Error in GTDBK : for extractDnaBins command #118

Closed aksbiome closed 1 year ago

aksbiome commented 1 year ago

Hi Francisco,

When I used metaGEM, everything works well till the metawrap step. However, when I used "bash metGEM.sh -t extractDnaBins" command in step 5 of GTDBK then got an error: " No such file or directory", and I couldn't complete this step. Then I skipped this step and started with foolowing step Run GTDB-tk for taxonomic classification: bash metaGEM.sh -t gtdbtk -j 2 -c 24 -m 80 -h 12, surprisingly it worked, I guess. So can you look into this issue. Please find attached screen shot of my issue.

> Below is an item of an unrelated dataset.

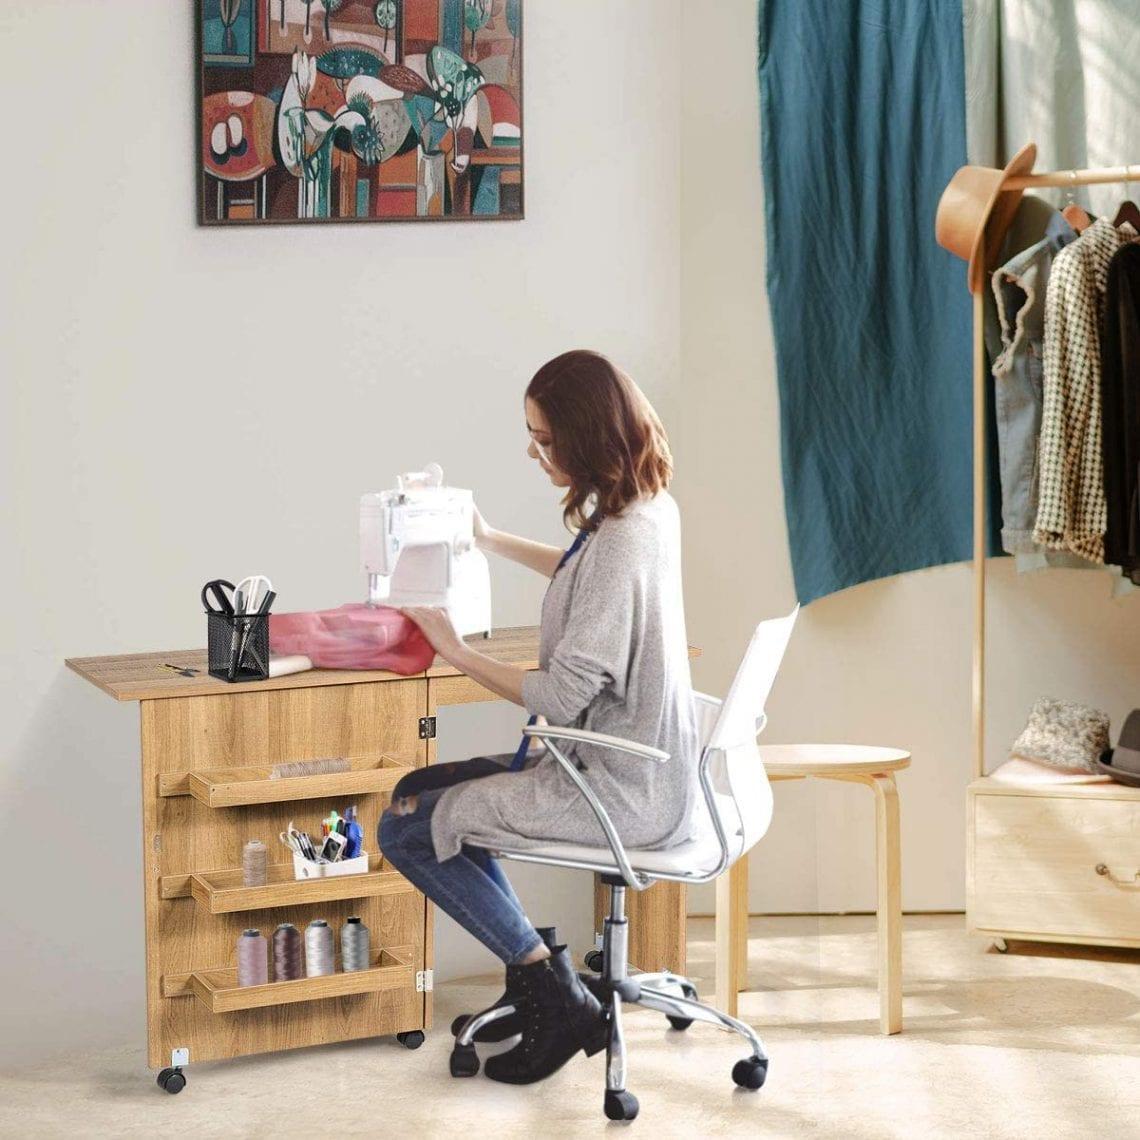 La Meilleure Table De Couture Explications Comparatif Et Avis Zone Led

Another issue which need to resolve in metagem pipeline is when we run maxbin2 command then bins generated was not properly saved in respective folder, for that we need to manually add bins to that folder then only next metawrap command works.

Thanks!

New Microsoft PowerPoint Presentation

franciscozorrilla commented 1 year ago

Hey @aksbiome,

Thanks for reporting the buggy behavior of the maxbin Snakefile rule implementation. Could you specify if you used the maxbin or maxbinCross method?

https://github.com/franciscozorrilla/metaGEM/blob/ec01c24d4e7f9e2e1b12d09ee7f9b0ac1ddd0a5c/Snakefile#L797-L886

As you can see, one of them uses crossmapping information for binning, while the other does not. Note that maxbinCross is the default. Could you also run the command tree -d in your metaGEM folder to show me where/how the maxbin bins are incorrectly being stored? e.g.

$ tree -d
.
├── metaGEM
│   ├── colab
│   │   └── assemblies
│   │       ├── sample1
│   │       ├── sample2
│   │       └── sample3
│   ├── envs
│   ├── extra
│   └── scripts
└── models

By the way, note that the extractDnaBins rule simply goes into the bin_reassembly output and copies out the MAGs into a new folder while reformatting the name:

https://github.com/franciscozorrilla/metaGEM/blob/ec01c24d4e7f9e2e1b12d09ee7f9b0ac1ddd0a5c/Snakefile#L1699-L1726

It is actually not surprising that GTDBTk ran successfully, since it just runs on the metaWRAP bin reassembly output, so I imagine that metaWRAP was able to produce some output.

https://github.com/franciscozorrilla/metaGEM/blob/ec01c24d4e7f9e2e1b12d09ee7f9b0ac1ddd0a5c/Snakefile#L1315-L1330

Best wishes, Francisco